23 lutego 1945 roku - 67. rocznica kapitulacji ostatniego niemieckiego garnizonu w Poznaniu

      W Poznaniu jest kilka ulic, które posiadają w nazwie datę upamiętniającą pewne wydarzenie historyczne. Przedmiotem niniejszego artykułu będzie zarys walk o Poznań w roku 1945. Stałą pamiątką poświadczającą ich zakończenie jest ulica 23 lutego. Ciągnie się ona od Placu Cyryla Ratajskiego przecina ulicę Feliksa Nowowiejskiego oraz Aleje Karola Marcinkowskiego i kończy się niedaleko Starego Rynku na ulicy Kramarskiej.

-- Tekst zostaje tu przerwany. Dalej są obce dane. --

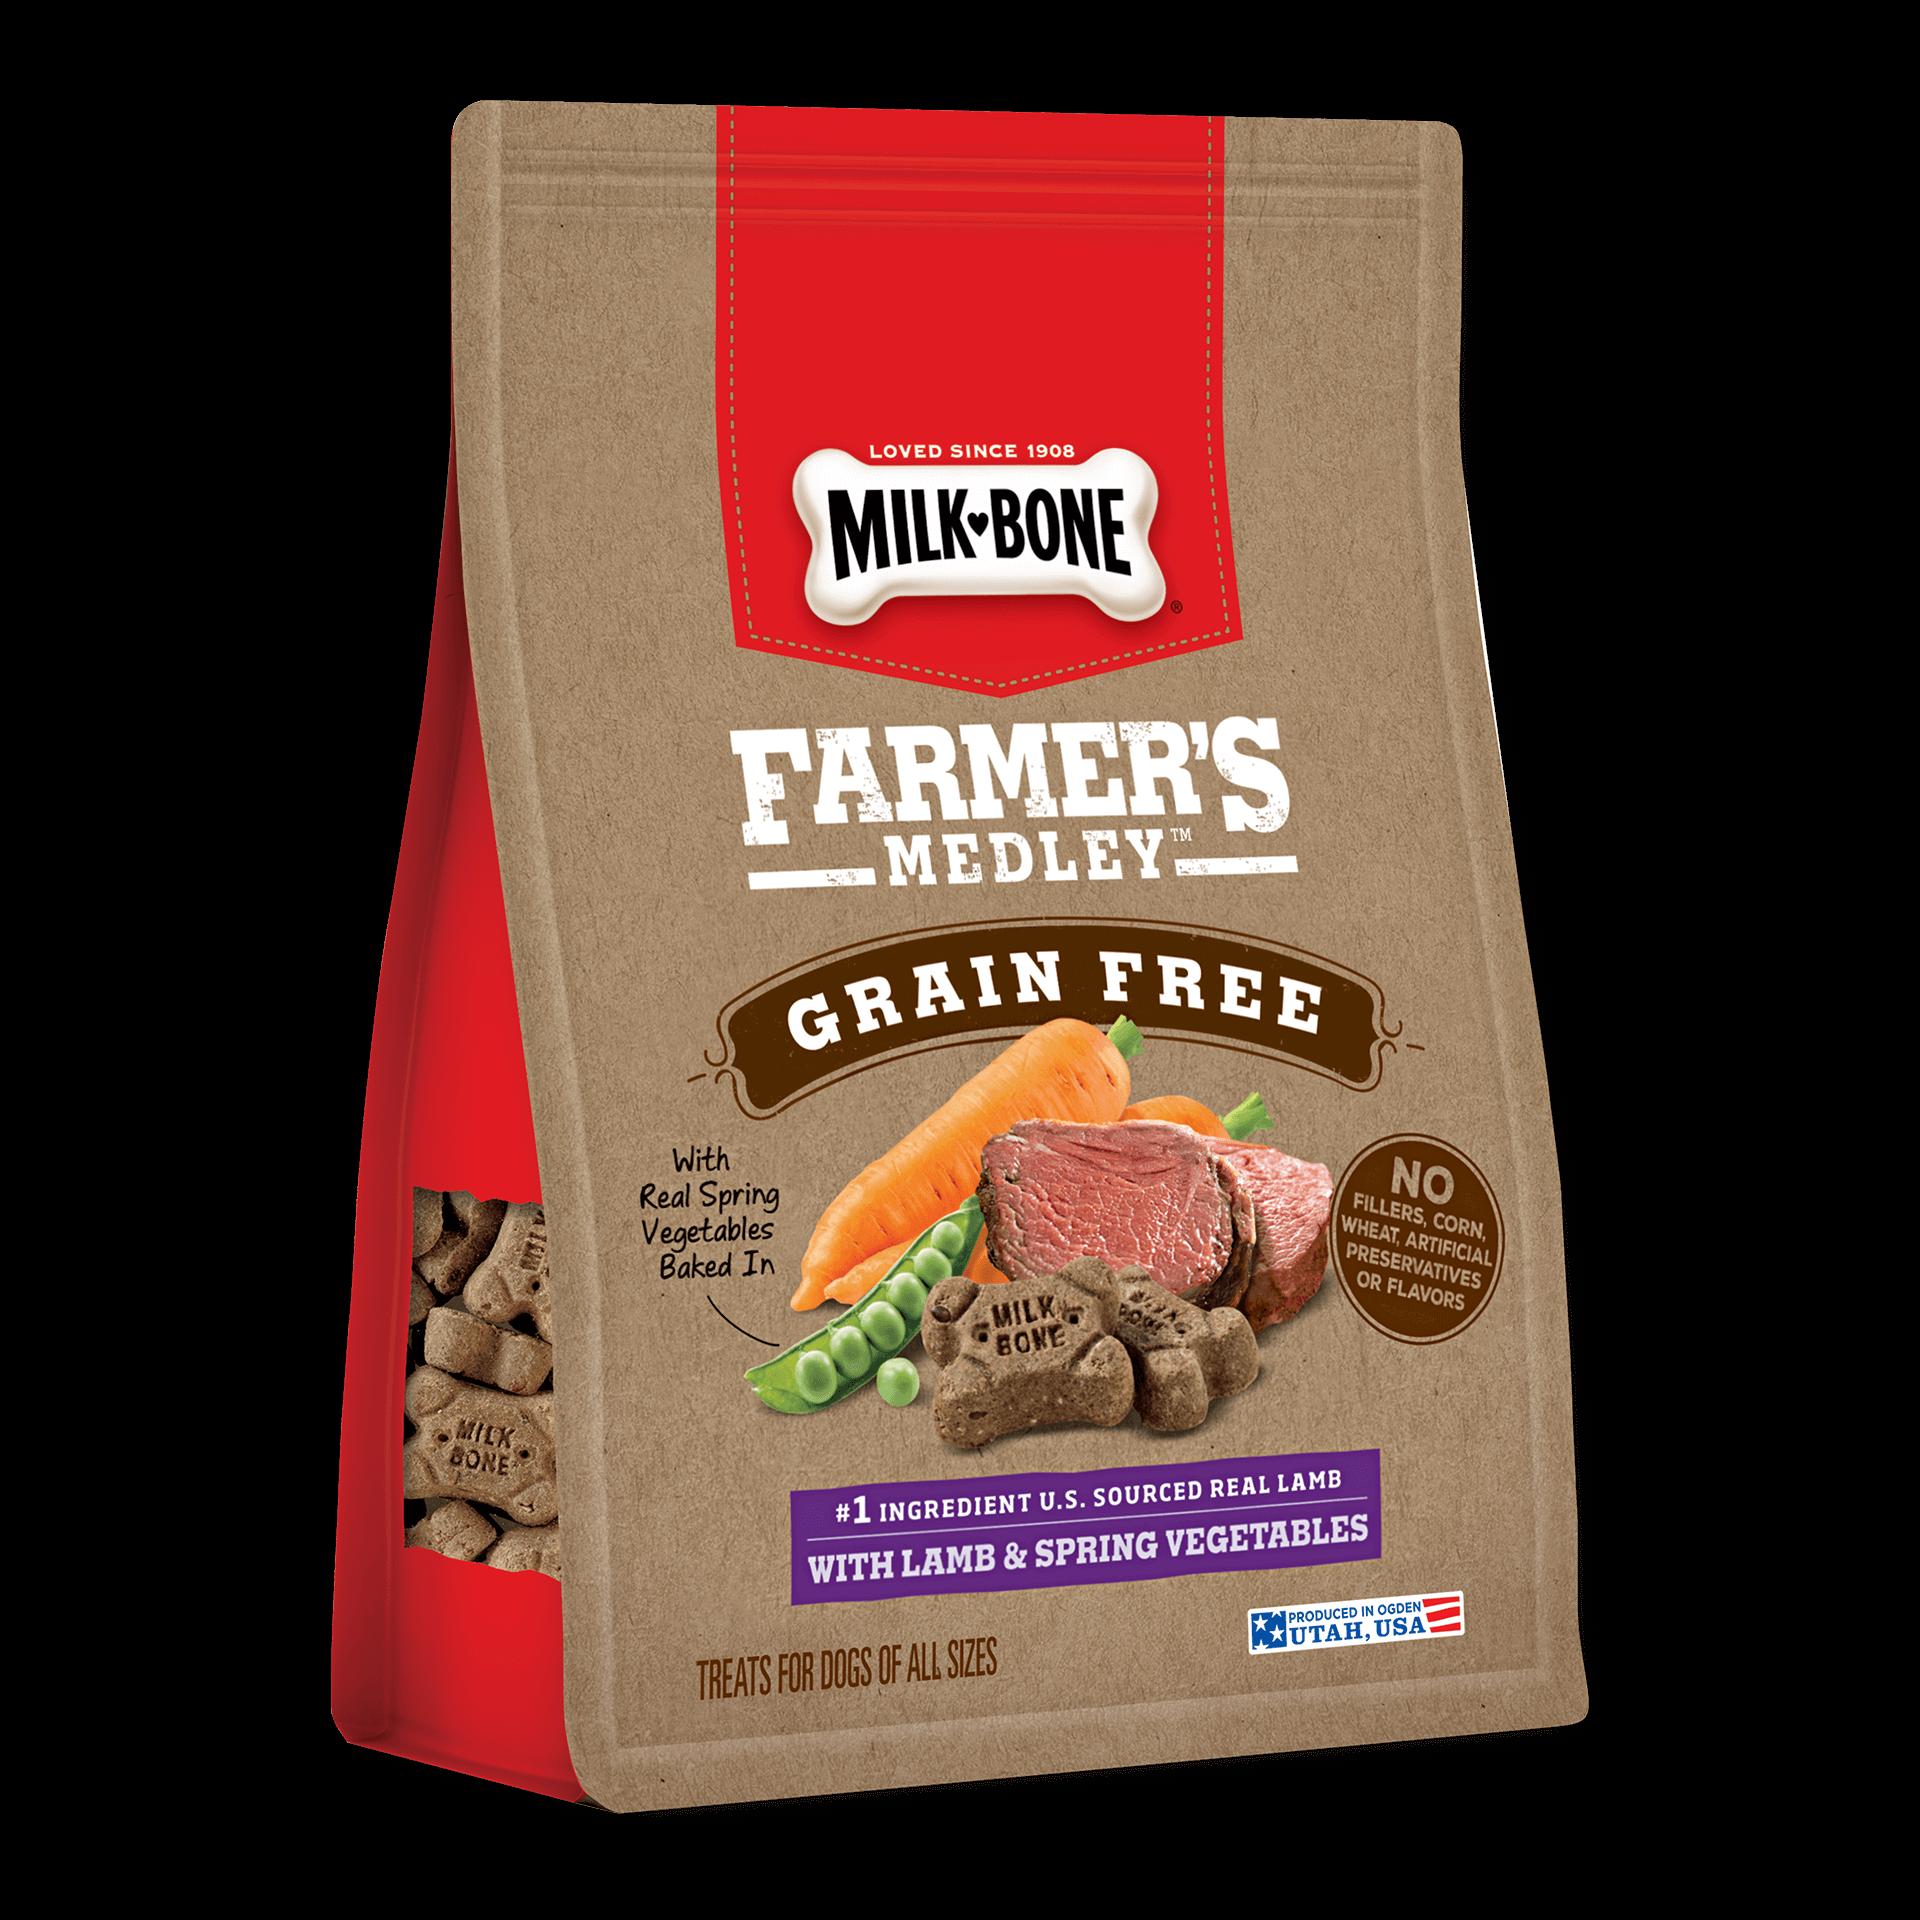 Grain clipart cereal grain. Farmer s medley dog

      Ulica 23 lutego jest arterią ruchliwą otoczoną budynkami, w tym pożytku publicznego, takimi jak Uniwersytet Artystyczny, czy stary gmach Archiwum Państwowego. Według przekazów historycznych (na podstawie Z. Zakrzewskiego i Z. Zaleskiego) wiemy, że powstała za czasu pierwszego zaboru pruskiego w 1804 r. na terenie dawnych osad Glinek i Pęcławia, zwanego też Kundorfem. Za czasów pruskich nosiła nazwę ulicy Fryderykowskej. Po odzyskaniu niepodległości przez Polskę i powrotu Wielkopolski do macierzy została przemianowana 5 stycznia 1920 r. na ulicę Pocztową przez wzgląd na gmach urzędu pocztowego zbudowanego przy tej ulicy. Podczas II wojny światowej zwana z niemieckiego Poststrasse, po wojnie zmieniona na nazwę, która funkcjonuje do dziś .

      W tym miejscu należałoby zapytać się, skąd pojawiła się data tej ulicy i jakie wydarzenie ona upamiętnia? - odpowiedź nie jest tak prosta, jakby się to mogło z pozoru wydawać.

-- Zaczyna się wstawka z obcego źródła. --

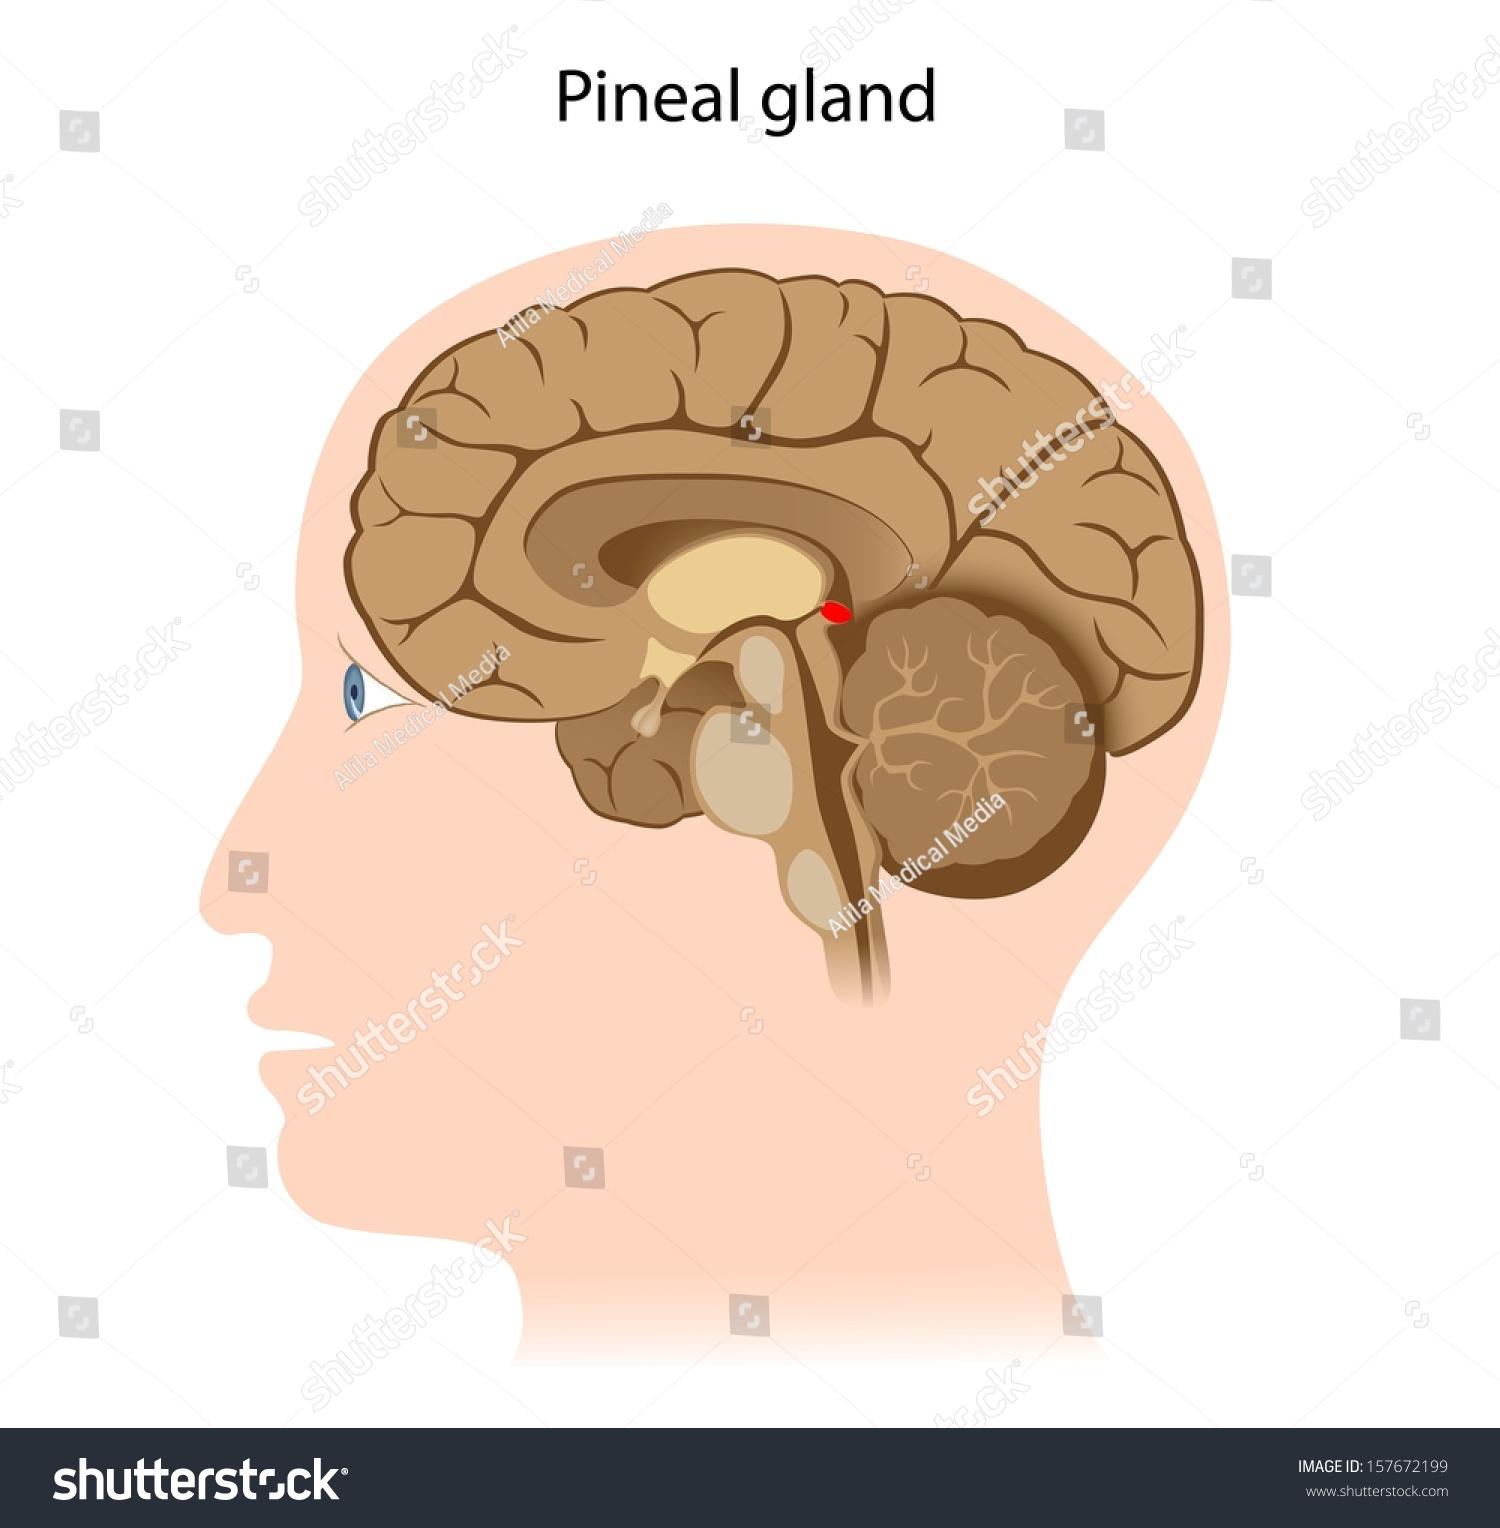 Pineal Gland Stock Illustration 157672199 - Shutterstock

      Kiedy trzy lata temu w 64. rocznicę zakończenia walk o Poznań zapytano wyrywkowo mieszkańców stolicy Wielkopolski, jakie dziś mamy święto i czy wiedzą skąd wzięła się nazwa ulicy 23 lutego 1945 r. uzyskano odpowiedzi potwierdzające brak znajomości współczesnej historii Poznania, a nawet wskazanie na rocznicę Powstania Wielopolskiego(!) . Niestety z powodu odchodzenie świadków tych wydarzeń, posuwającego się do przodu dystansu czasowego i ze wszech miar dającego się zauważyć deficytu wiedzy historycznej, który może nabrać galopującego tempa z powodu reformy edukacyjnej otwierającej drzwi do zredukowania liczby lekcji historii od roku szkolnego 2012/2013 w szkołach ponadgimnazjalnych - napawa to wszystko pesymizmem i potrzebą dostarczania wiadomości, choćby w formie krótkich tekstów historycznych.

      Główne walki o Poznań trwały 31 dni, od 24 stycznia do 23 lutego 1945 r., szczytowym momentem było pięciodniowe natarcie na Fort Winiary (Cytadelę) - Twierdza Poznań padła. Straty poniesione w wyniku walk po stronie Niemców wynosiły około 5 tysięcy, zaś po stronie Rosjan poległo blisko 6 tysięcy żołnierzy. Z uczestniczących w walkach około 2 tysięcy poznaniaków, którzy na różne sposoby udzielali się przy ofensywie na Cytadelę, życie straciło około 104. Nadal trudne są do oszacowania straty, jakie ponieśli cywilni mieszkańcy Grodu Przemysła.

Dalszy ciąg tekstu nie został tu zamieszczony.